**** Material for this task ****

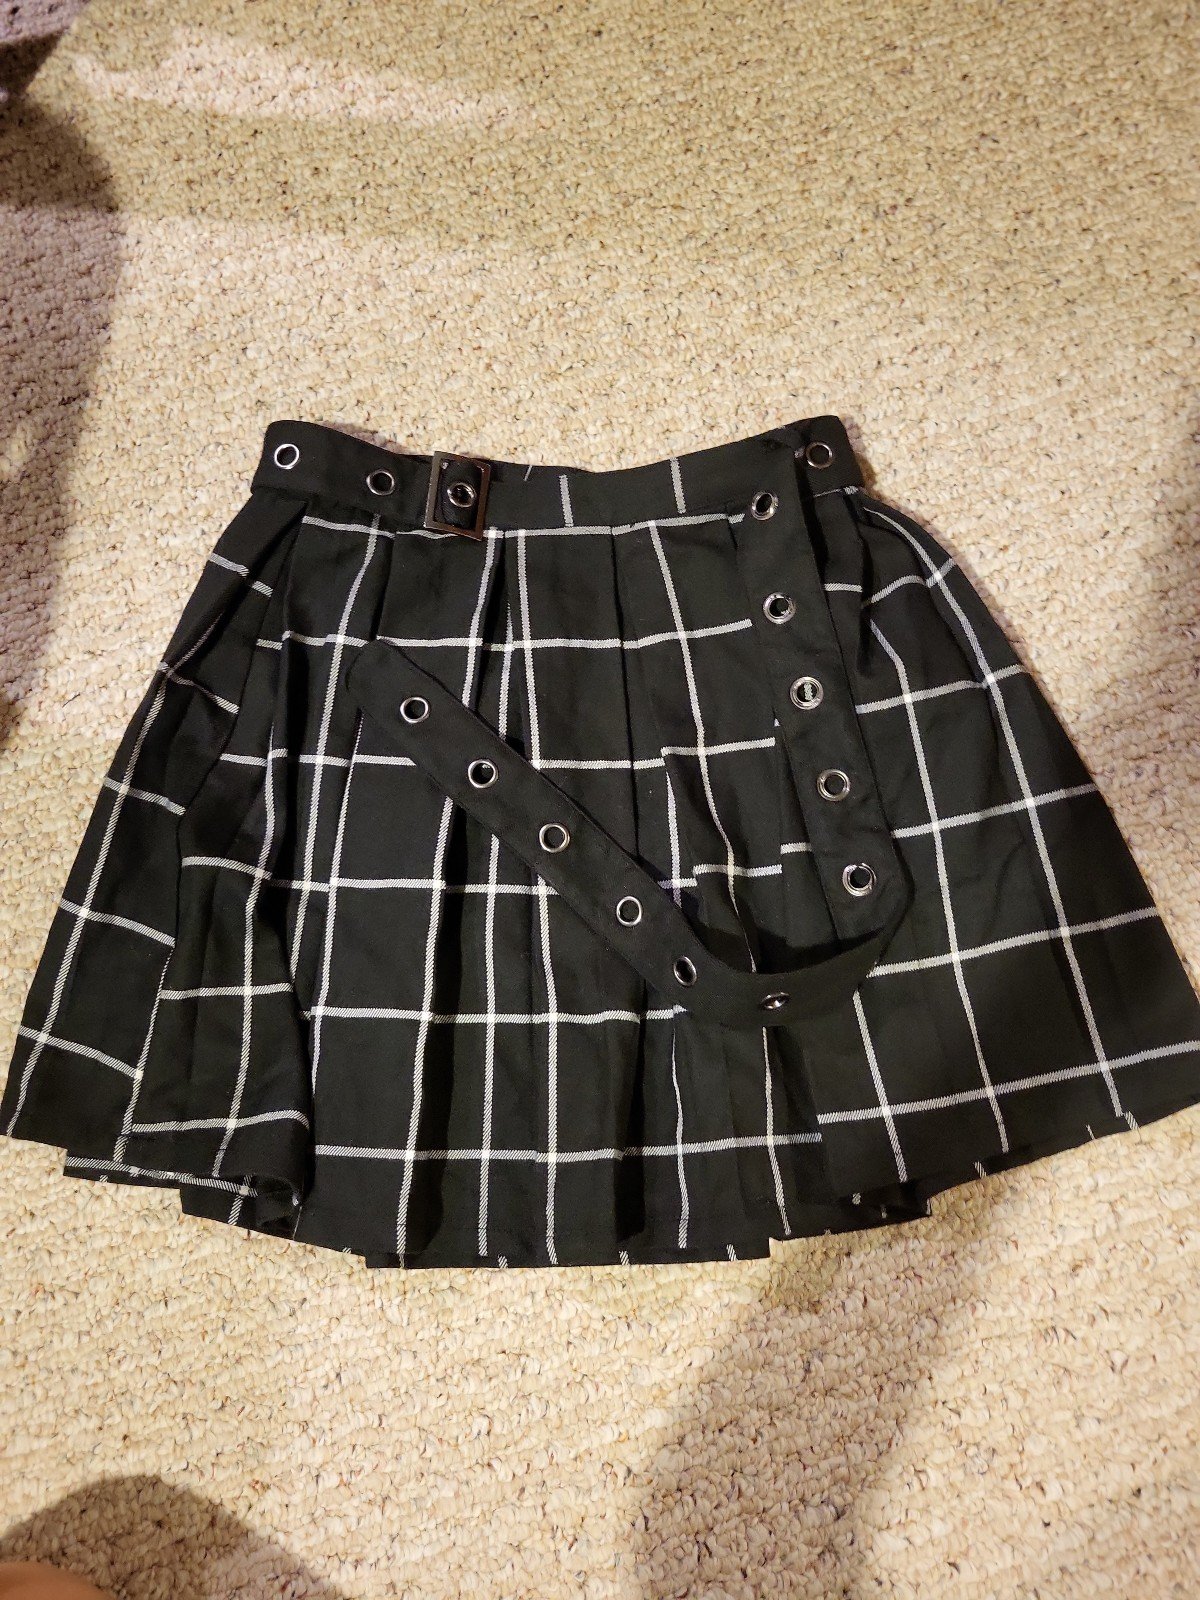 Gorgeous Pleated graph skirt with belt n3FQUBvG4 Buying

****
**** Material for this task ****

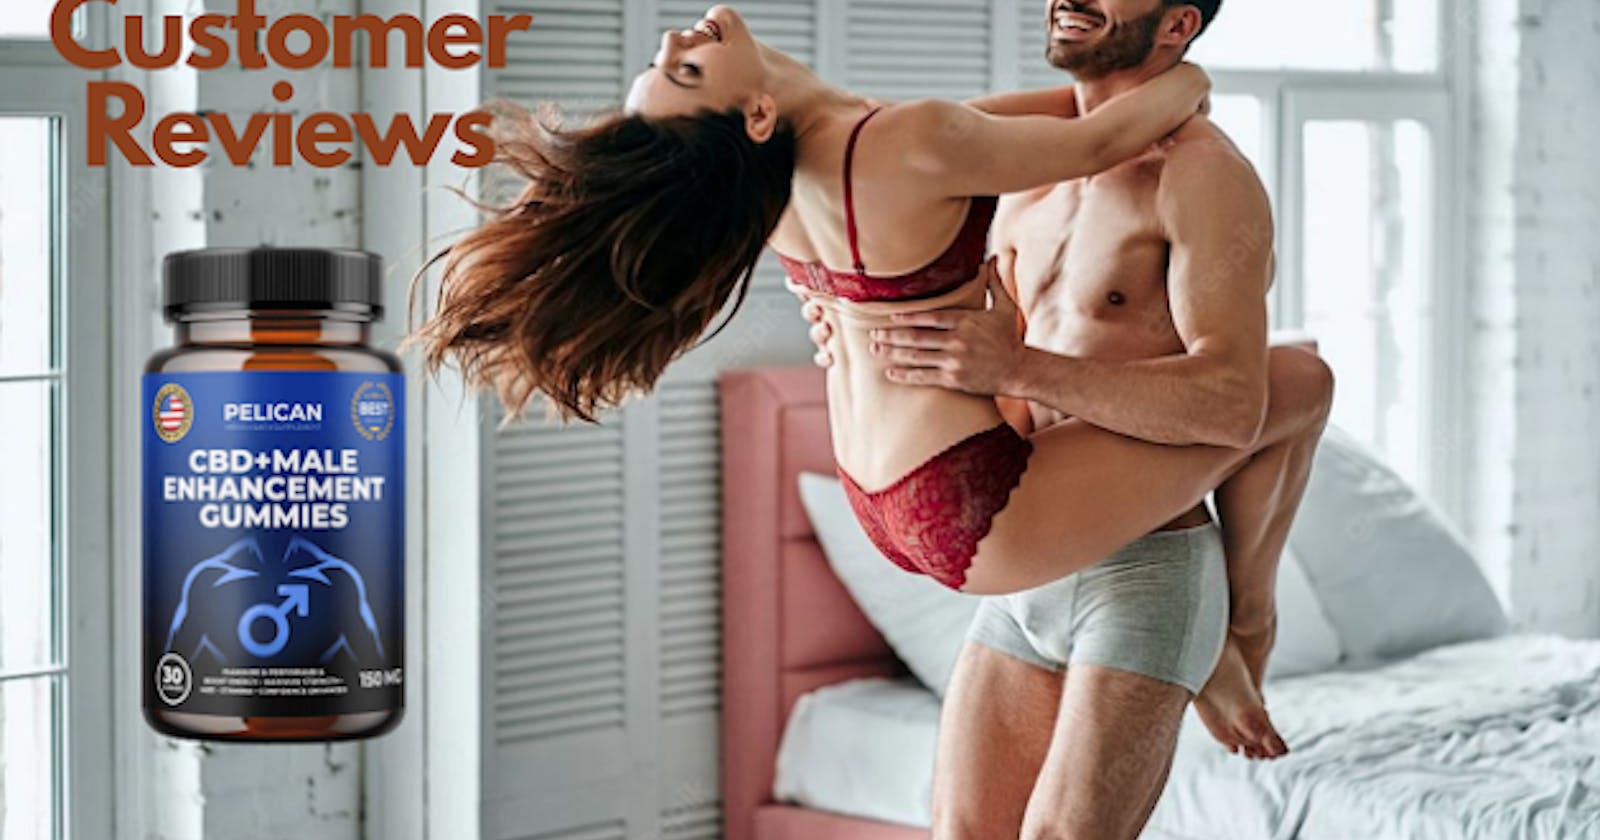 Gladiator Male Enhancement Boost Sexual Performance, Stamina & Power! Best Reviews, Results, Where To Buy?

****
**** Material for this task ****

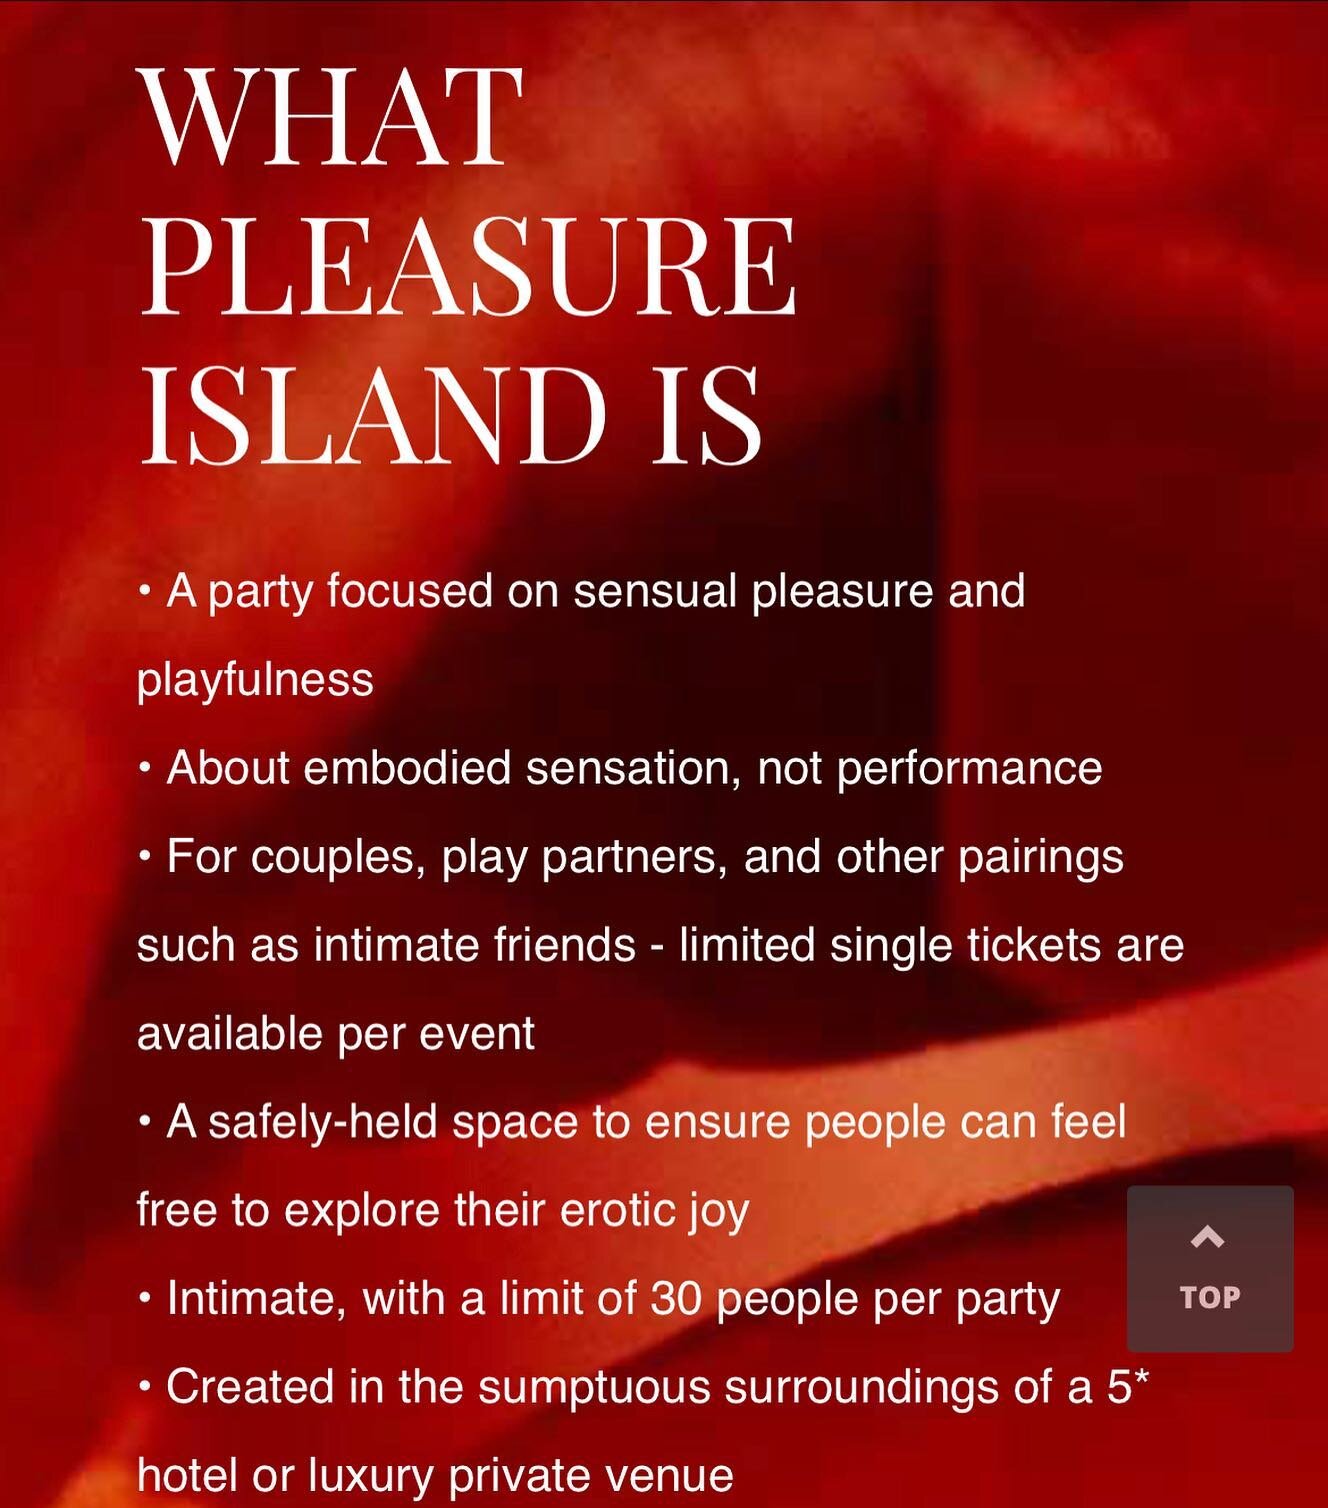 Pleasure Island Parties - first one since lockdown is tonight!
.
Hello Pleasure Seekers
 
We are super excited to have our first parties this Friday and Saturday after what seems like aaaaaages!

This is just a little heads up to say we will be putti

****

Starting at the line above that contains "We are super", write out each line exactly until the line that contains "This is just" has been written, and stop there.

We are super excited to have our first parties this Friday and Saturday after what seems like aaaaaages!

This is just a little heads up to say we will be putti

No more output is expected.